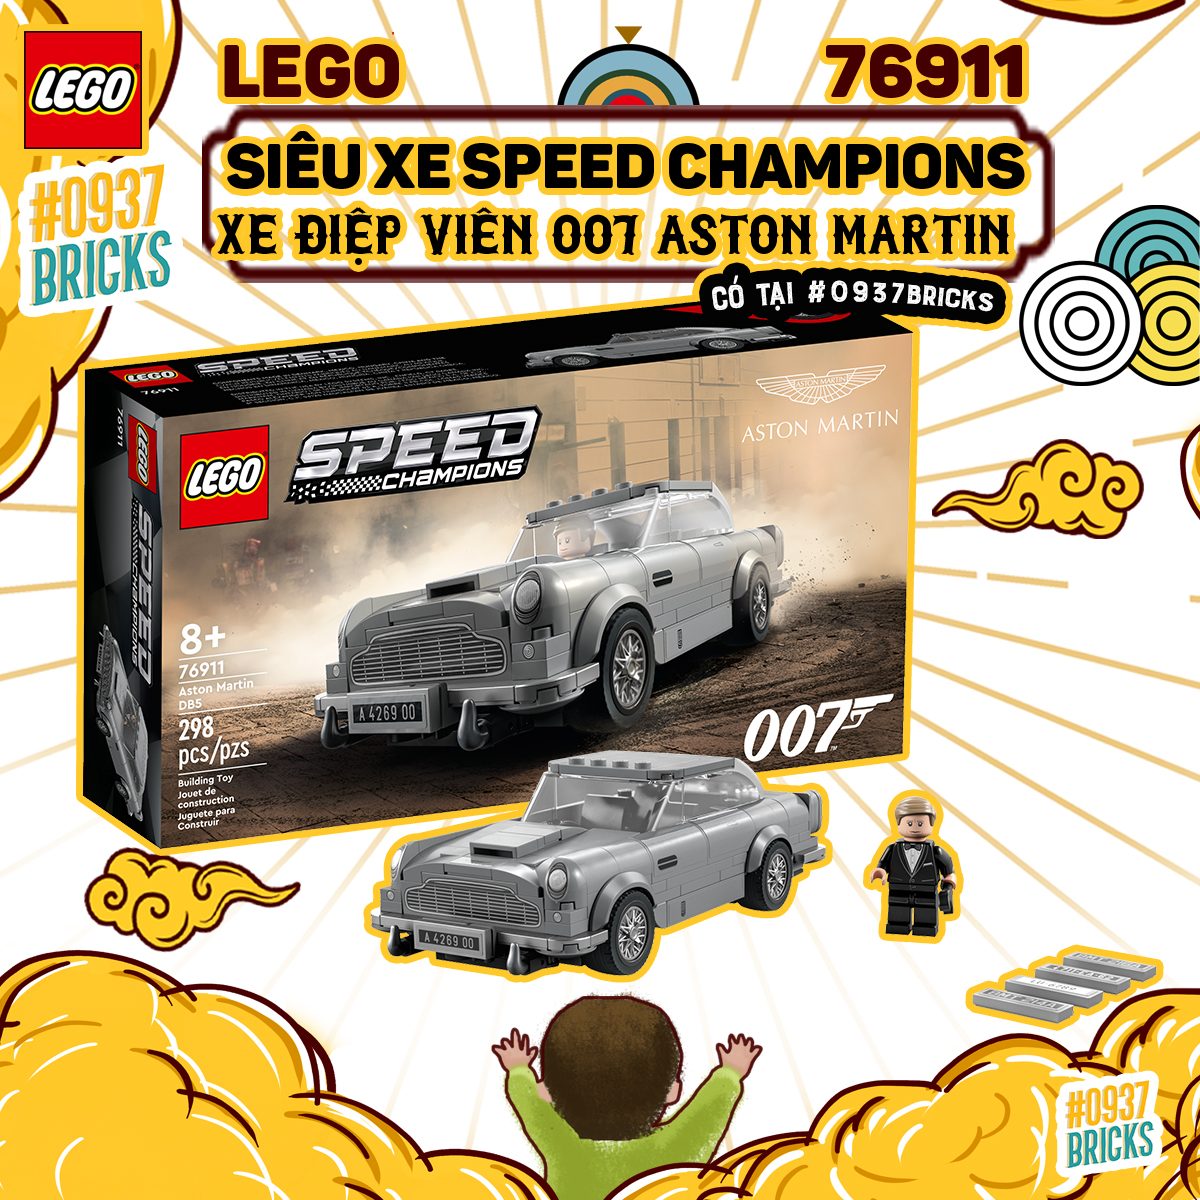 CÓ SẴN LEGO 76911 GIAO HỎA TỐC Speed Champions 007 Aston Martin DB5 SIÊU
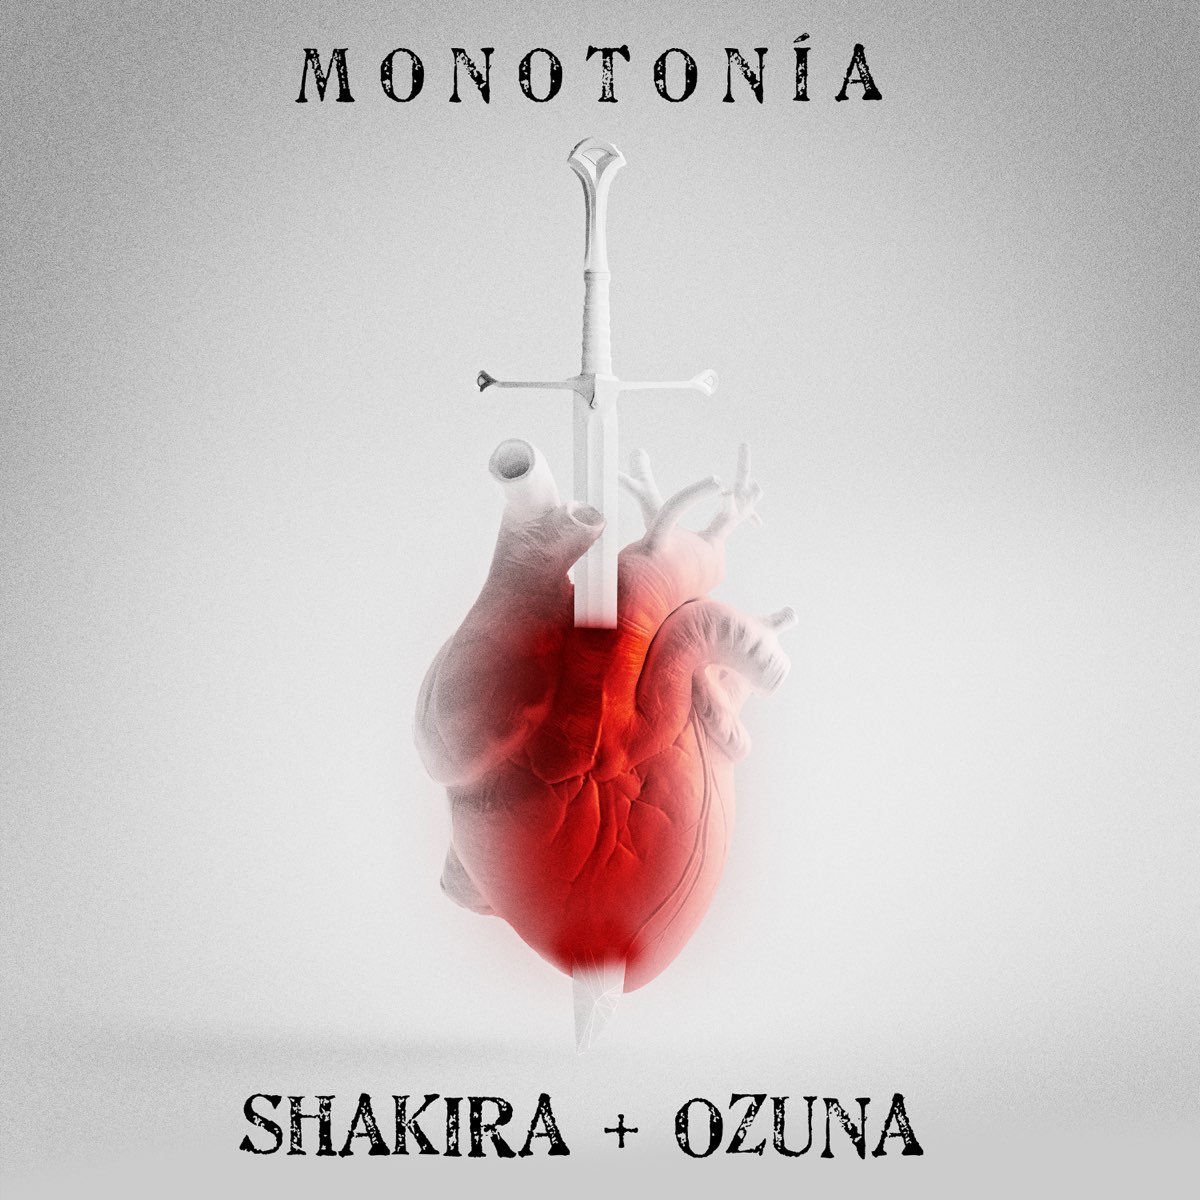 Monotonía - Single – Album par Shakira & Ozuna – Apple Music
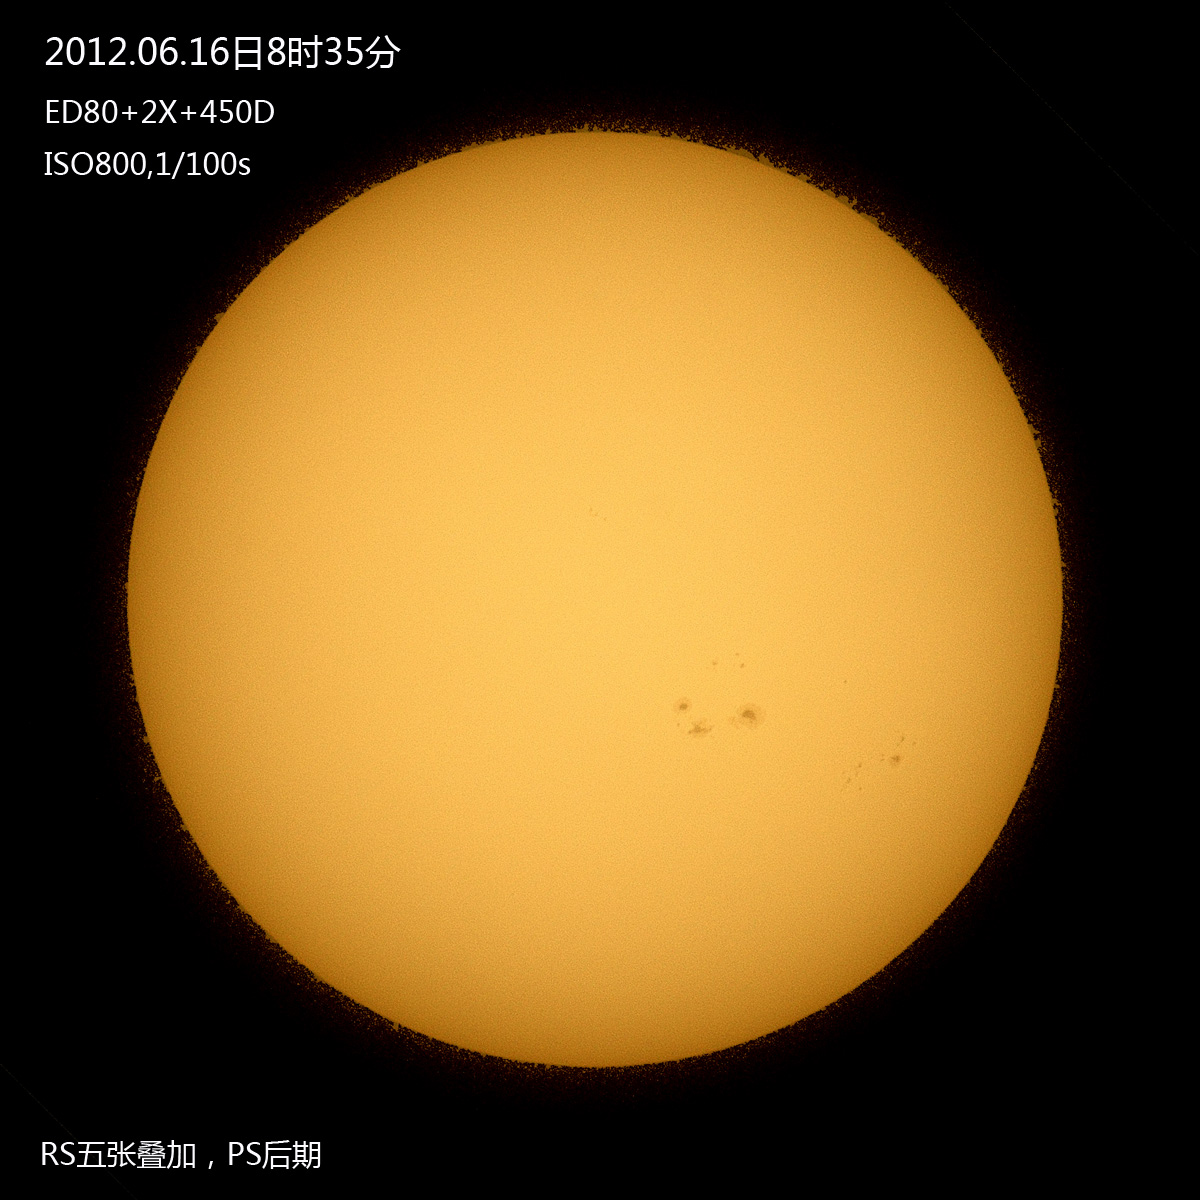 20120616太阳s.jpg

» **WORK TASK**
Copy the whole listing exactly, excluding the pictures in it.

» **WRITTEN SOLUTION**
 CÓ SẴN LEGO 76911 GIAO HỎA TỐC Speed Champions 007 Aston Martin DB5 SIÊU
 Monotonía - Single – Album par Shakira & Ozuna – Apple Music
 20120616太阳s.jpg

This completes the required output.